And I actually don't hate the weird little forest of glyphs. It's at least strongly distinct from // foo and other places that would be much more common.

In this world, you could also get a "filename" via path in code via LIT, if you didn't want to trip up the escaping in your shell with issues regarding %...

 r3 --do "file: lit foo/baz/bar.txt | data :read file..."

Mechanical Concerns

It sounds pretty good, though the devil's in the details...but it looks worth pursuing.

The only obvious interaction with existing notations is that escaped percents would look like %10%. Which, well, actually that could be a useful notation in some dialect. Who knows. :man_shrugging: At least it's not \/.

One place you get in trouble is if your filenames contain words or patterns that are not legal escaping in Rebol, and you tried to use them as strings with the slashes inside of them. Previously you could say:

file: %"/c/Program Files/..."

And you'd be able to have it do some transformation or another to give it backslashes. But here you are using a completely fabricated path format in the first place. Why not:

file: %/c/"Program Files"/...

TEXT! and WORD! could be interchangeable. But really, this gets down to why you weren't just using a TEXT! and considering it a local file in the first place, and using a Windows formatted filename. If you could trust reading and writing to interpret it that way, and only do "backslash magic" on PATH!, it seems it would make more sense.

Another problem is how to deal with paths relative to root. Right now, /a/b/c has a refinement /a at the head of a 3 element path. That's a bit odd, and it feels like it might be better if it had a blank first element, and if you could have a blank last element.

Where you used to carry notation with you to indicate "fileness" with something like %1, if you just say file: %1 the evaluator will strip off the quoting level and file will be an INTEGER!. So it's another type that FILE-TO-LOCAL would have to tolerate, or require you to say %"1" to bring it into the textual domain.

So there's no shortage of questions that would have to be looked at. But it is rare in this that we come across something that's obvious how to work out all the details at first. You have to try and see, and see if when you start looking at it under a new light if solutions jump out or not.

That day when you delete the PATH! dispatch code for FILE!...

Speaking as someone who knows the code, FILE! was a catastrophe. Its mission and definition unclear, its implementation spotty.

Here is my suspicion: That Rebol has overplayed its hand in terms of what it can bring to the table with a FILE! literal datatype, and functions like READ should take URL!, TEXT!, and PORT!. If you have a more fluid way you like to work with your files in your source, you do so with the parts box of things like WORD! and PATH!, but before you get to the file I/O, you explicitly convert what you were working with into a TEXT! (or URL!) that says what you mean.

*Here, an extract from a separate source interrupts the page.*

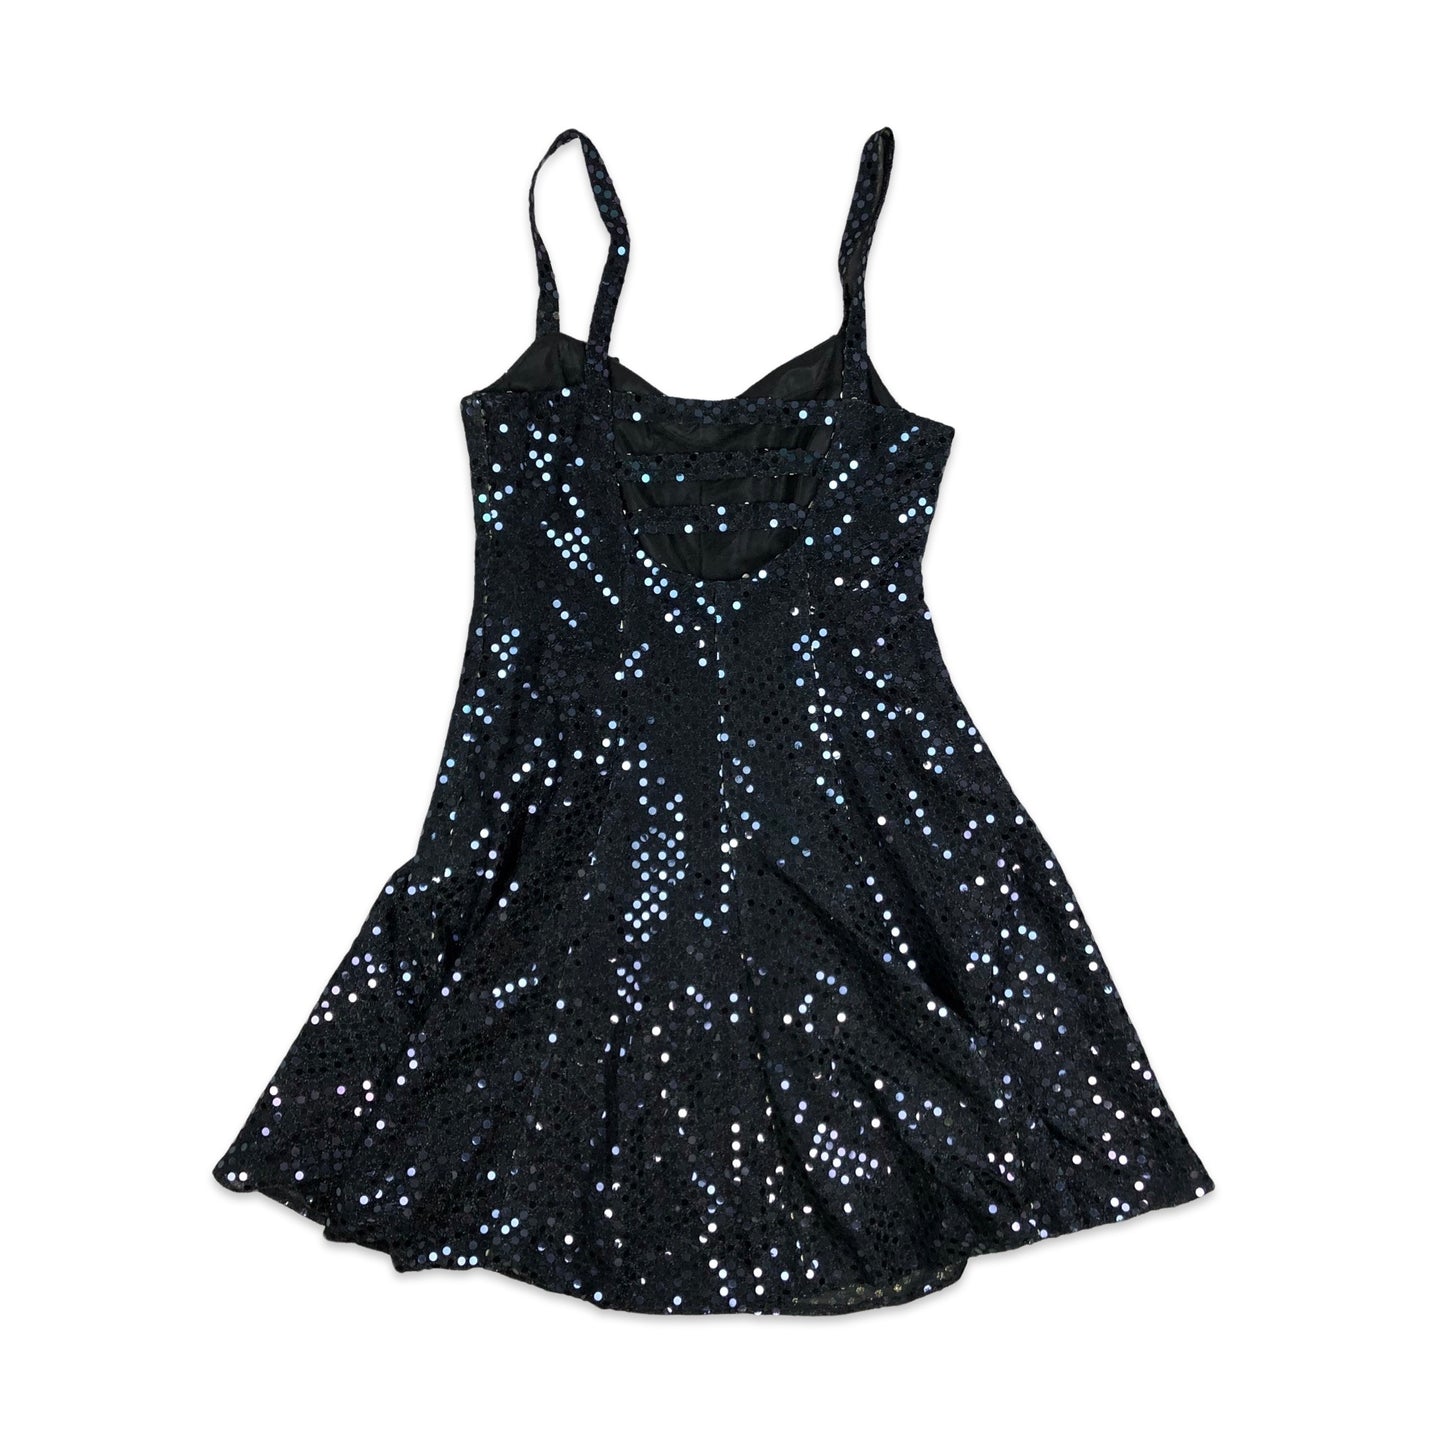 Vintage 80s 90s Black Sequinned Strappy Party Dress 8

(I'll re-bring up how Carl used plain PATH!s and WORD!s, not FILE!s, in the R3-Alpha files list himself. That struck me as a rather crucial talking point when I saw it. And it made sense to me to want to do it that way--it looked worse with the percent signs AND you lost structural understanding. So I think the thing that doesn't make sense to me has kind of always been FILE!. It seems too hard to know when and how you'd want those parts converted automatically--and if you are given a solid parts box you shouldn't break too much of a sweat picking a point to textify things.)

So I'm strongly biased to seeing powerful new solutions that allow sweeping that code away. This feels like it might be up that alley... print [{...so we know why this doesn't print the percent} %foo]. Because it was removed from evaluation, and all PRINT saw was a WORD!.

If we look at real examples from a fresh point of view and ask "how can we make someone who's using the Rebol parts really happy" then having a unique string "flavor" that does nothing other than have a different type bit on it will possibly seem too weak to be worth it.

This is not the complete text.